The Lindridge stone tool I am going to describe was found at a site called a Toothill, situated just to the west of Featherbed Lane, in the Dodenhill area of the parish. Toothills were low, manmade-looking hills, rather like lookout posts, which caught the imagination of antiquaries in times past. There is no hill on the site now, but a later field name is given as Foothill. It appears to have been flattened when eighteenth century workmen dug into it, finding the artefact six feet down, in a bed of gravel.

The tool is made of dark greenish-grey stone and is finely polished. It is 4 ¾” long, 1” wide and ¼” thick. At one end is a sharpened cutting edge. At the other are three holes drilled into the stone, two drilled fully through and the central hole only partially through. I assume that these were to attach a handle to it. In the nineteenth century a description of it was published describing it as flaying knife or chisel.

At the time it was found there were no archaeologists. Those interested in old things were called antiquaries. Our object was acquired by a local antiquary, the vicar of nearby Witley.

Before finding out what happened to it next I will first address where it might have come from. Stone suitable for making stone tools does not occur naturally in our county. Such material has to be hard but workable, and capable of maintaining a sharp edge. We know that stone tools were traded across Britain, and to and from the continent, as they had been for millennia. A well-known trade route, the Clun-Clee Trackway, was operating in Neolithic times and runs just to the north of here. It started at the Kerry Hills and led to the Severn at Bewdley. The tool thus could have been made of Welsh stone. We know that Welsh stone was known of and valued in other ways, because stone from the Preseli hills was transported to Wiltshire to build Stonehenge.

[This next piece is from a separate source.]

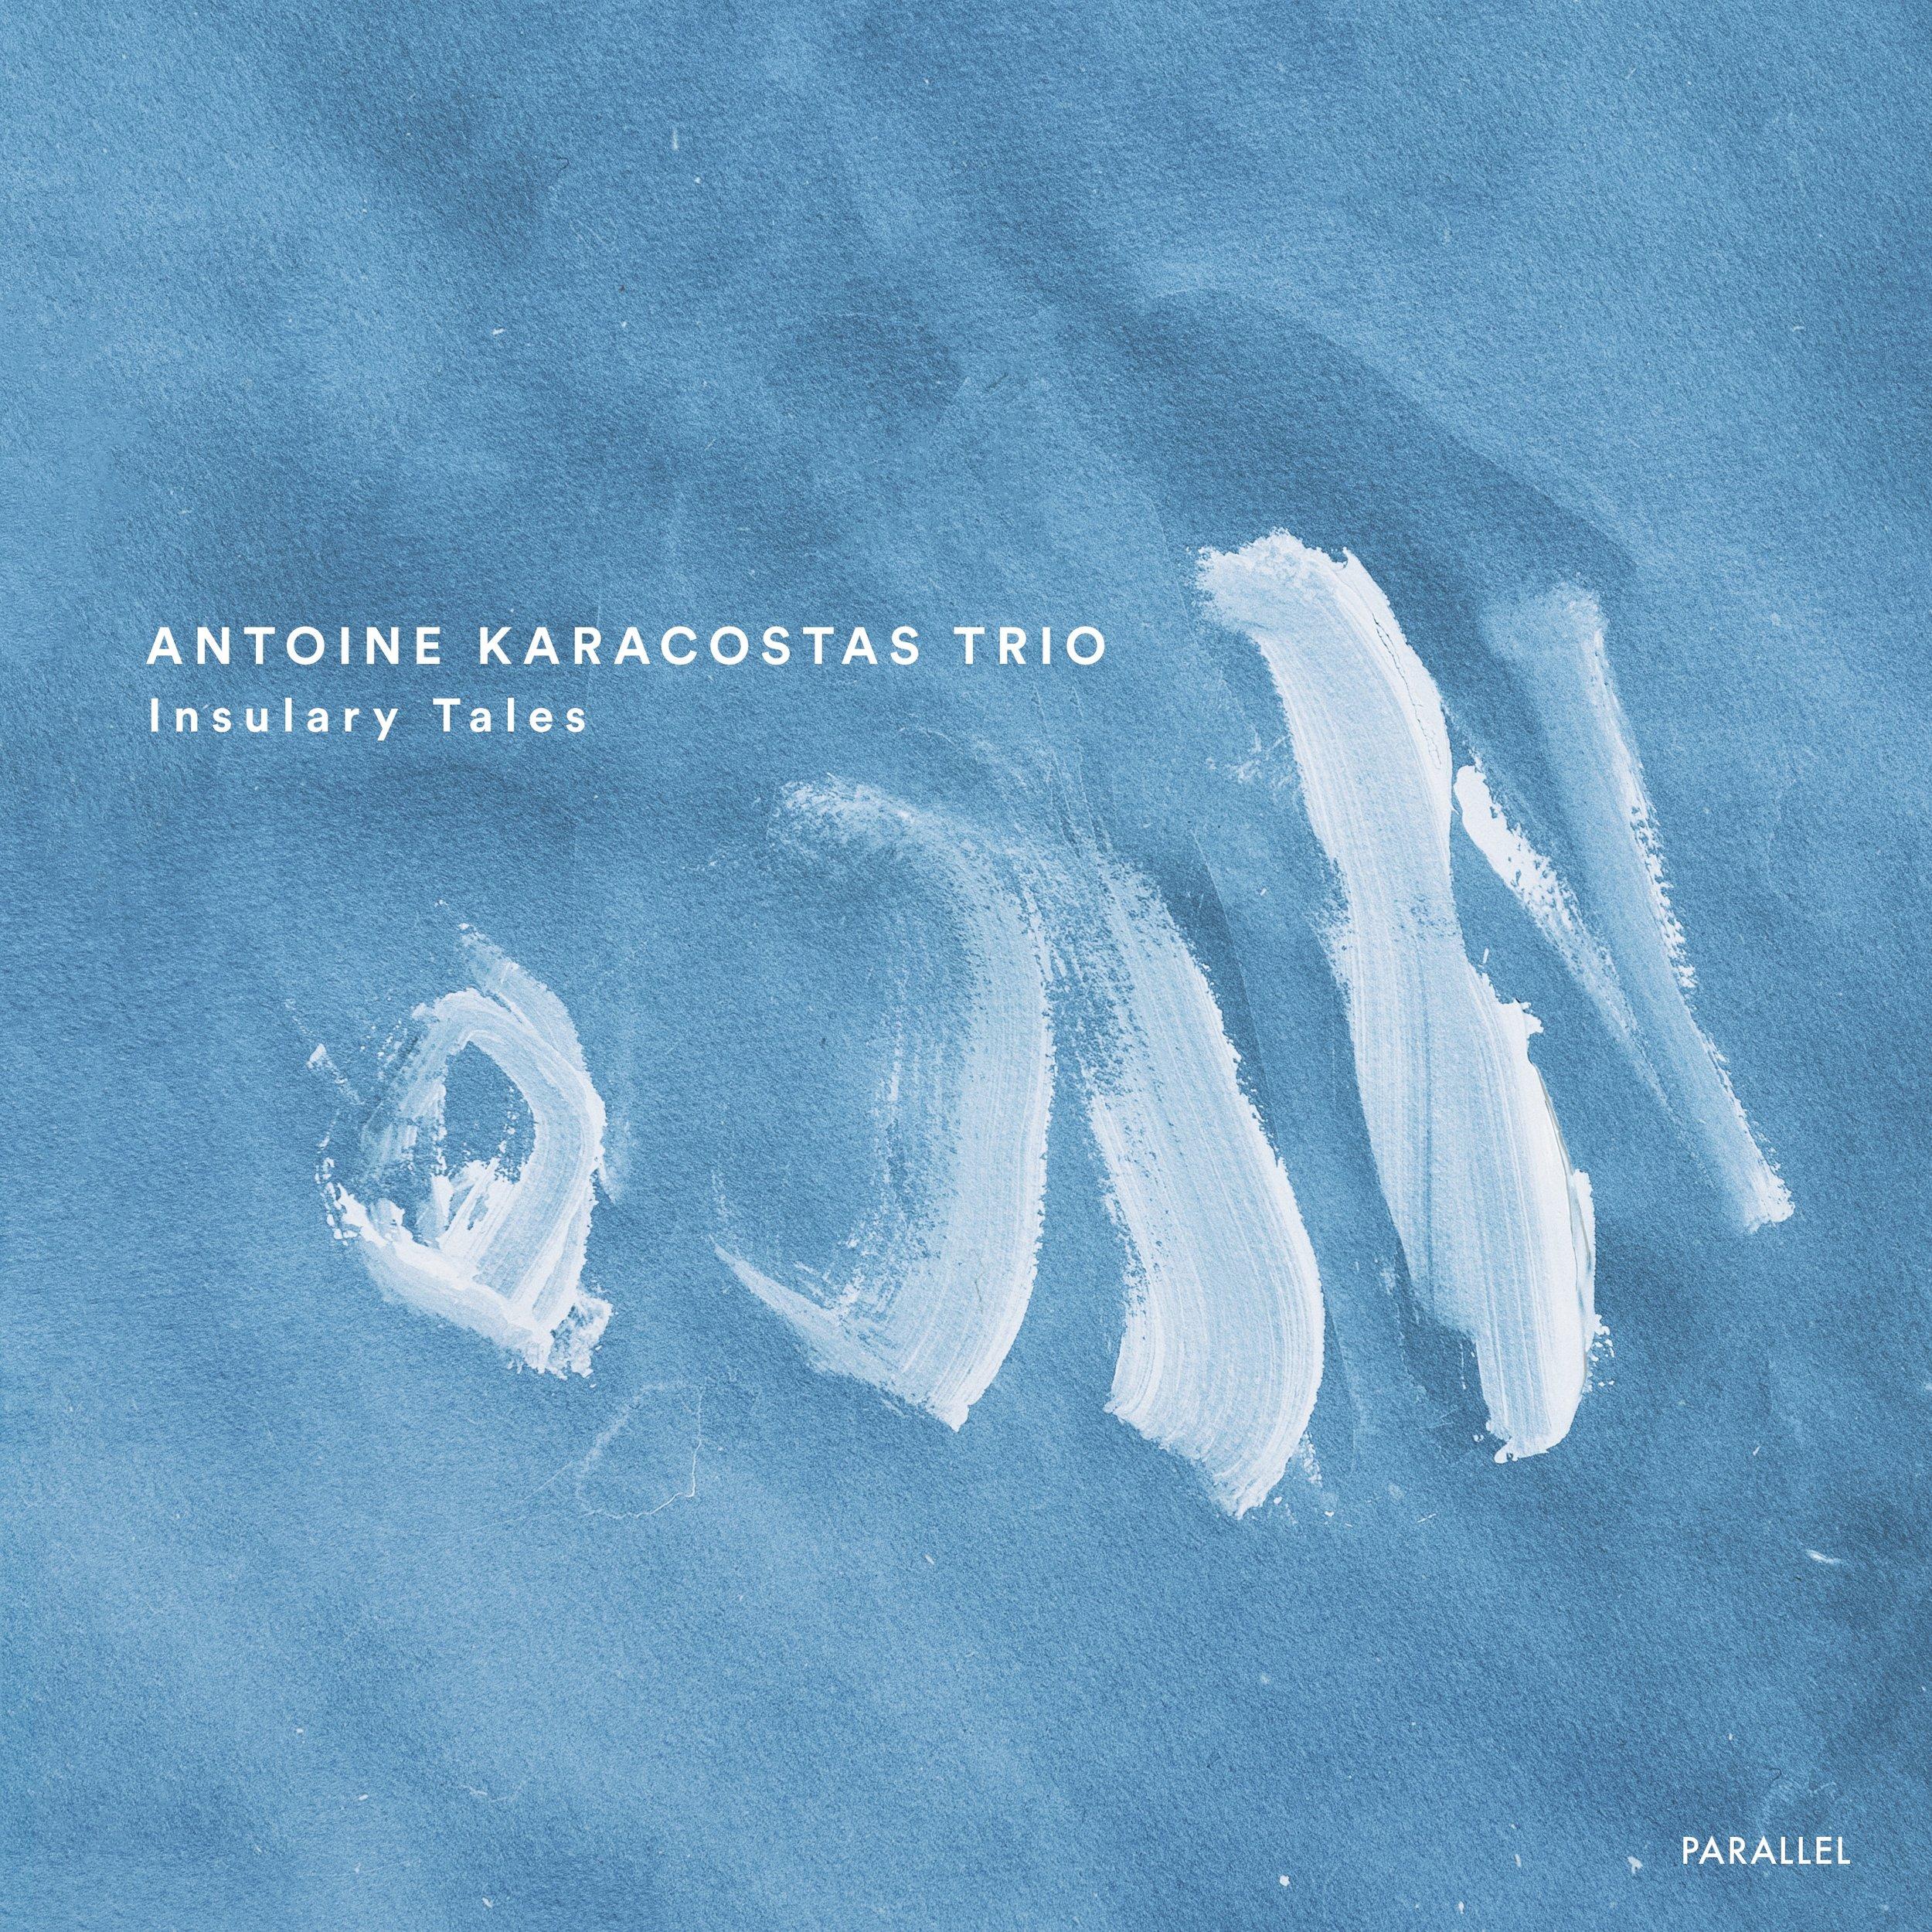 ANTOINE KARACOSTAS TRIO  - INSULARY TALES (2019)

Back to the article in question. The vicar of Witley gave the artefact to the museum of the Natural History Society in Worcester, where it was one of the founding exhibits. Lindridge can again claim a hand in the story, because the Worcestershire Natural History Society was founded in 1833, at a meeting held at the Guildhall, Worcester. In the chair was Sir Sidney Christopher Smith, second baronet of Eardiston and son of William Smith, founder of the Eardiston estate.

The museum is now called the Worcester City Museum and Art Gallery and although it still houses the tool it is no longer on public display.

Flints found at Eastham

Flints found at Eastham

Other stone tools have also been found nearby. From this parish, a large hand axe and a loom weight are described in detail on the database of the Portable Antiquities website. From across the Teme at Eastham, a large collection of flint tools was discovered in 1936 during excavation for the New Road at Hanley William. Some of these are held locally by Eastham Church.

 

In summary then, this is an object found a long time ago, making its way briefly into county history, but now stored away for safe-keeping. Recently the tool has been looked at again. A group of early Bronze Age artefacts known as “bracers” from museums across the country has been looked at. Our Lindridge artefact was included. Unfortunately the stone type and origin was not determined and the sharp edge on one side of it did not fit with the other bracers. It was suggested that it might have been broken and re-used in antiquity. Bracers are stone rectangles with holes drilled for fixing. No-one knows what they were used for, but the suggestion that they were used to brace the wrist and protect it from an archer’s bow came up in the nineteenth century. A famous tomb called “The Archer’s Tomb” was excavated in Wiltshire, and a stone object, like those described above, was found positioned next to an ancient skeleton’s arm.